С этими словами я плюнул в него. Это произвело нужный эффект. Он свирепо проревел:
– Молчи! Если ты решил убедиться, трус я или же нет, то развяжи меня и сразись со мной! Тогда ты поймешь, что ты червь рядом со мной!
– Да, на словах ты храбр, но не на деле. Увидев нас в шахте, ты разве не пустился наутек?

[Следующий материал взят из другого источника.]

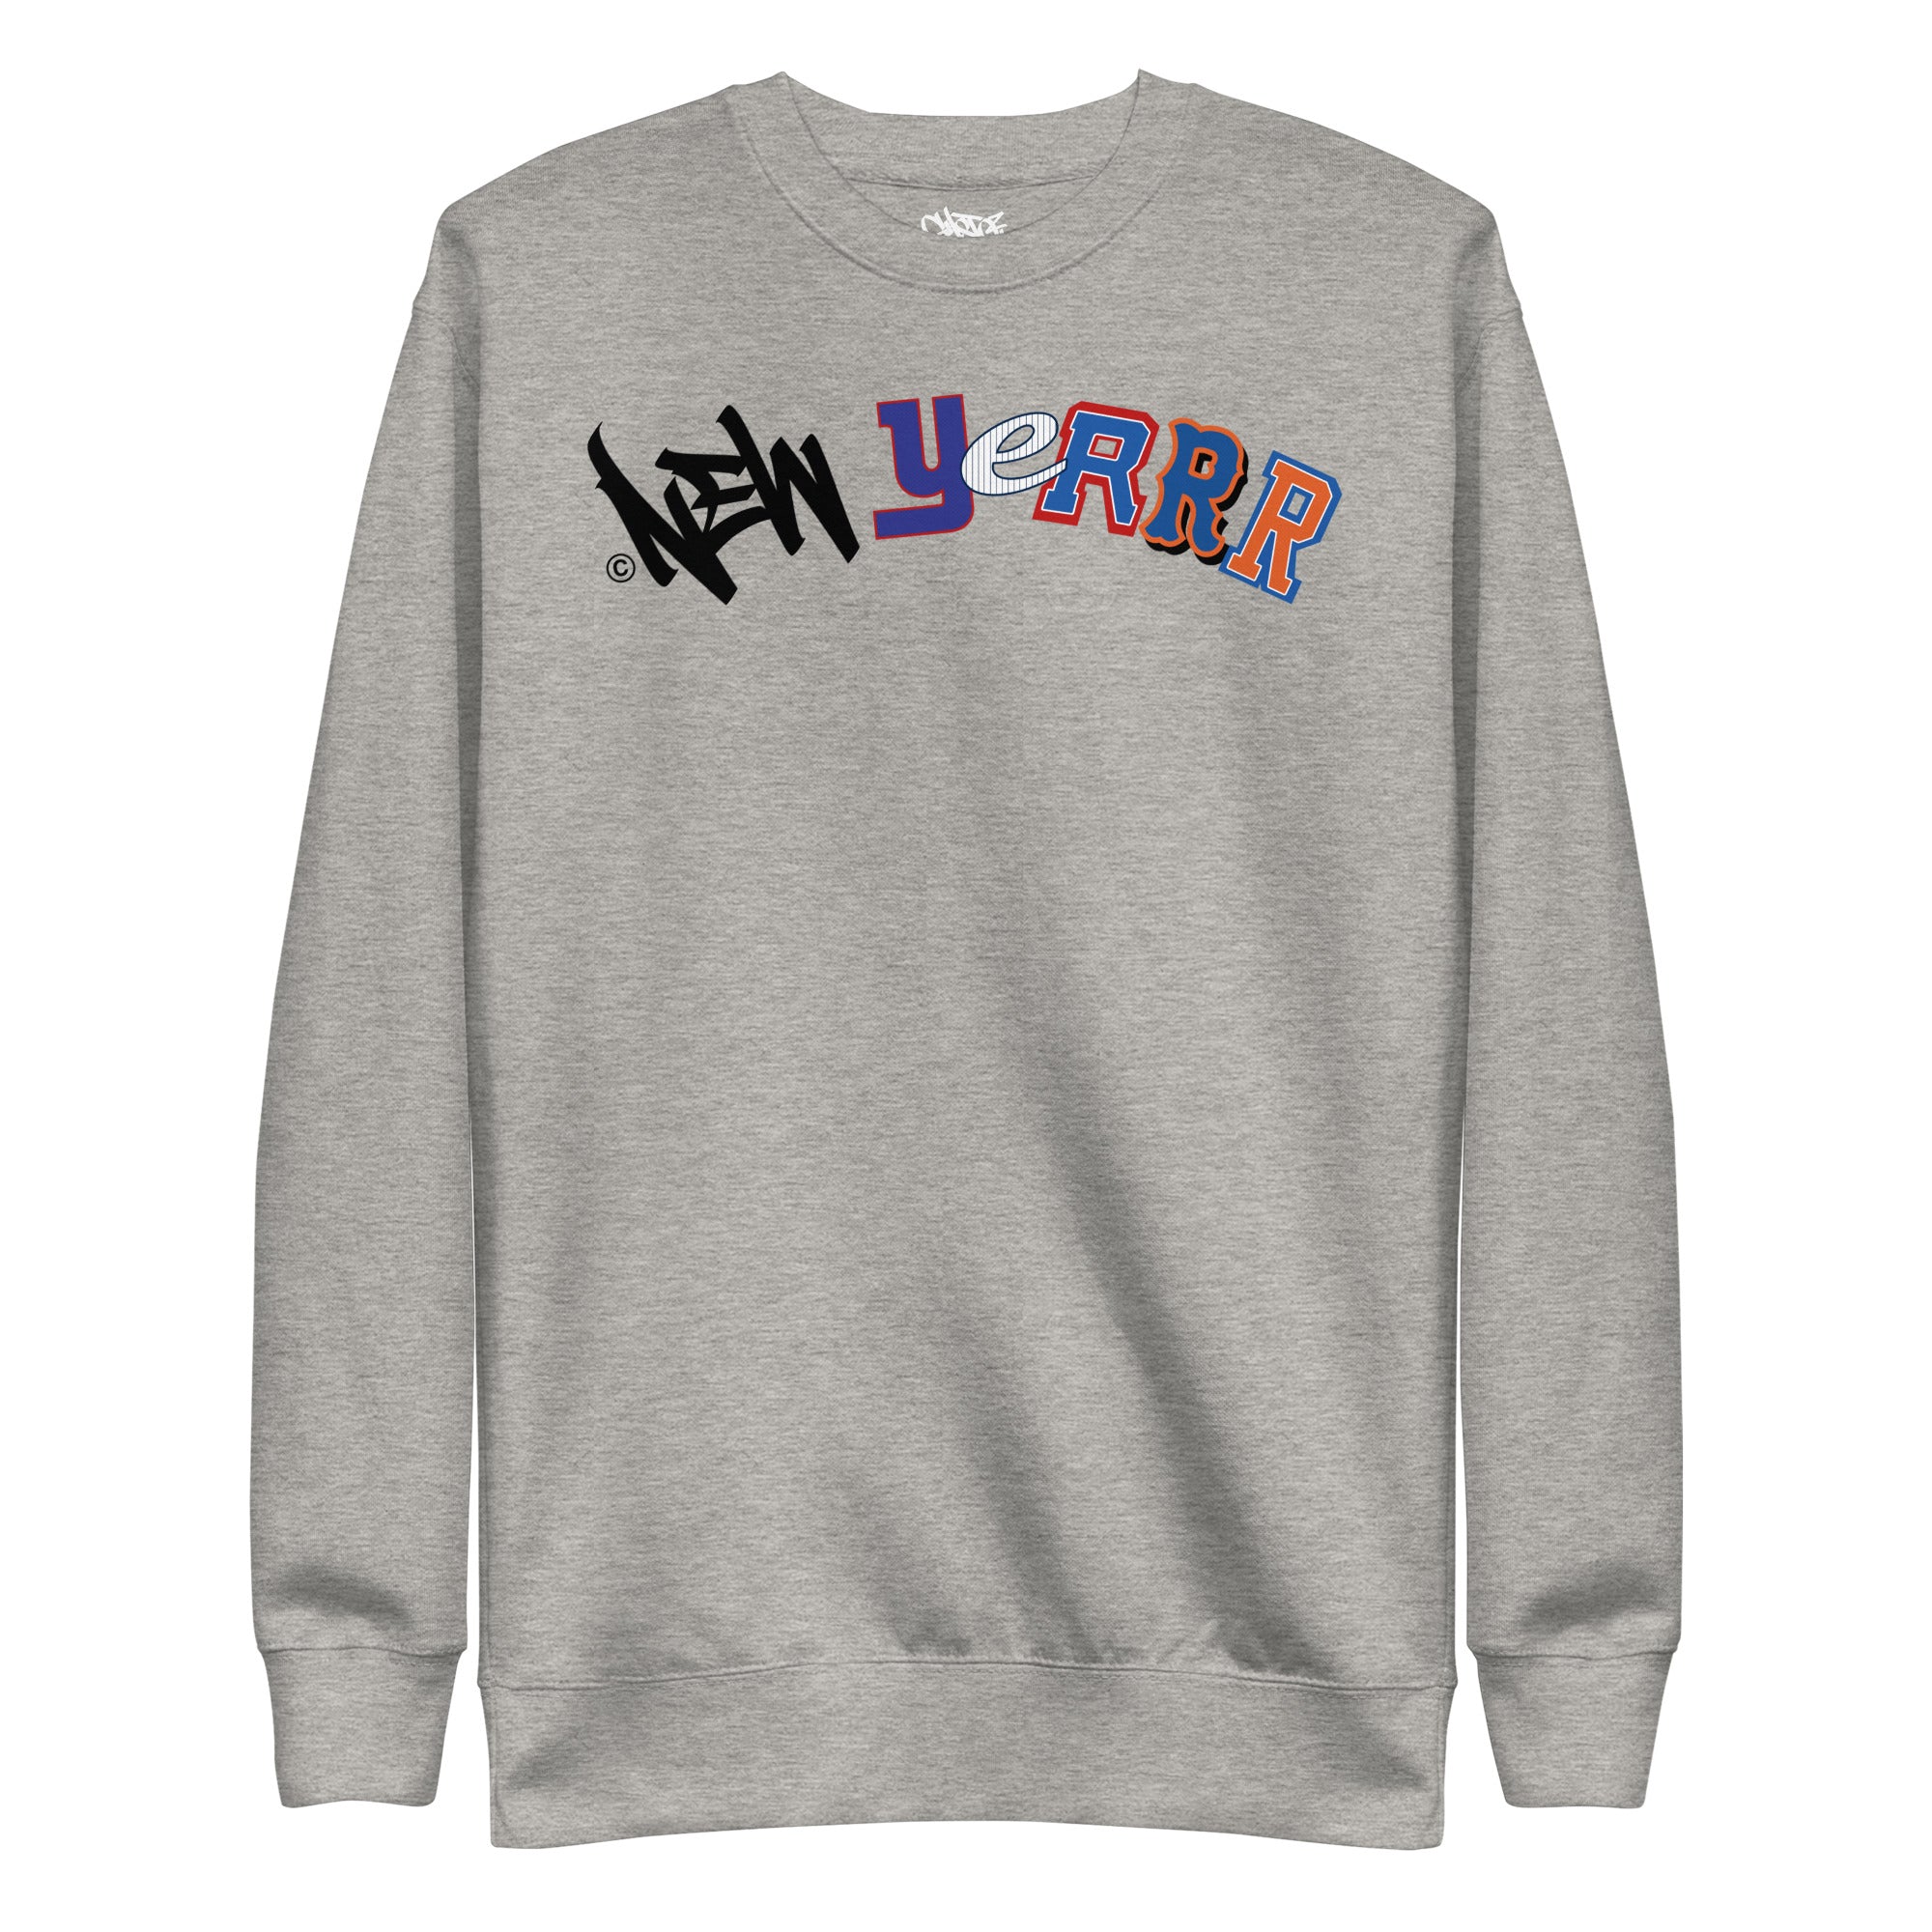 "New Yerrr" Sports Team - Unisex Premium Sweatshirt - GustoNYC

– Вас было намного больше.
– Я в одиночку справился с твоими сообщниками, хотя их тоже было намного больше. А разве ты не бежал от меня, когда я – совсем один – сцепился с тобой в лодке? В этом твое мужество? А когда мы выбрались на берег, ты разве был связан по рукам и ногам? Разве ты показал мне, что я червь рядом с тобой? Нет, это я уложил тебя, как мальчишку. Так что, не говори о мужестве! Все твои сообщники – оба аладжи, миридит, Манах эль-Барша, Баруд эль-Амасат, старый Мубарек – открыто заявляли, что они – мои враги, что они – разбойники и убийцы; ты один скрываешь это. Ты можешь угрожать, и ничего более. У тебя сердце зайца, который убегает, завидев свору собак. Ты – Аджеми, перс из Нирвана. Я знаю это место, ведь я там бывал. Жители Нирвана едят мясо жаб и, нажравшись до отвала, кормят вшей. Когда кто-то из них приезжает в другой персидский город, местный люд кричит: «Tufu Nirwanost! Nirwanan dschabandaranend; ora bazad!» («Тьфу, он из Нирвана! Нирванцы – трусы; плюйте в него!»). Именно так будут говорить и о тебе, если ты не признаешься, кто ты. Твои кишки дрожат от страха, а колени трясутся от слабости. Ты боишься, что слово гнева сметет тебя!